Last Mountain-Touchwood

Provincial electoral district
- Legislature: Legislative Assembly of Saskatchewan
- MLA: Travis Keisig Saskatchewan
- District created: 1975
- First contested: 1975
- Last contested: 2024

Demographics
- Electors: 10,086
- Census division(s): 6, 10, 11

= Last Mountain-Touchwood =

Provincial electoral district in Saskatchewan, Canada

Last Mountain-Touchwood is a provincial electoral district for the Legislative Assembly of Saskatchewan, Canada. Located in southern Saskatchewan, major communities in the district include the towns of Strasbourg, Ituna, Lemberg, Southey, and Balcarres. Villages in the district include Punnichy, Kelliher, Lestock, Abernethy, Goodeve, Neudorf, and Lebret.

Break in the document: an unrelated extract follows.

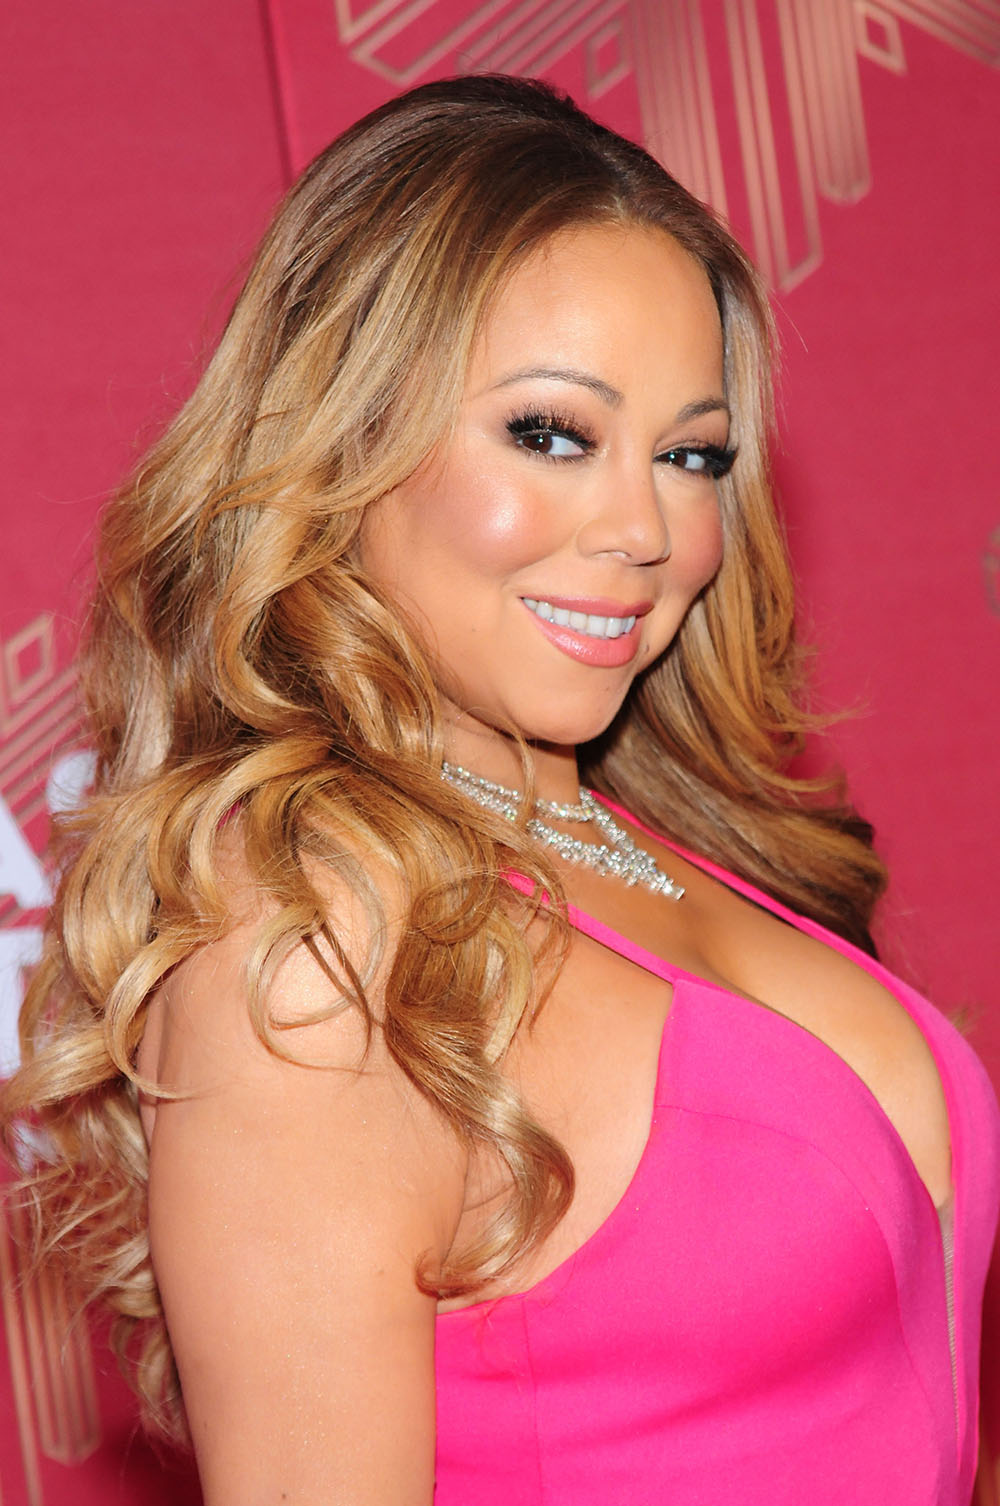 Cele bitchy mariah carey s new boyfriend gushes about - Mariah carey diva ...

The district is named for Last Mountain Lake, which forms the western edge of the constituency, and the Touchwood Hills, which are located in the central and eastern part of the constituency.

==History==

Last Mountain-Touchwood was created by combining the district of Last Mountain with part of the constituency of Touchwood. The district's southern and western boundaries have changed little since its creation, though the riding has been expanded eastward over the years. The most significant expansion occurred before the 2003 general election, when the riding picked up the western half of the former Melville constituency upon its dissolution.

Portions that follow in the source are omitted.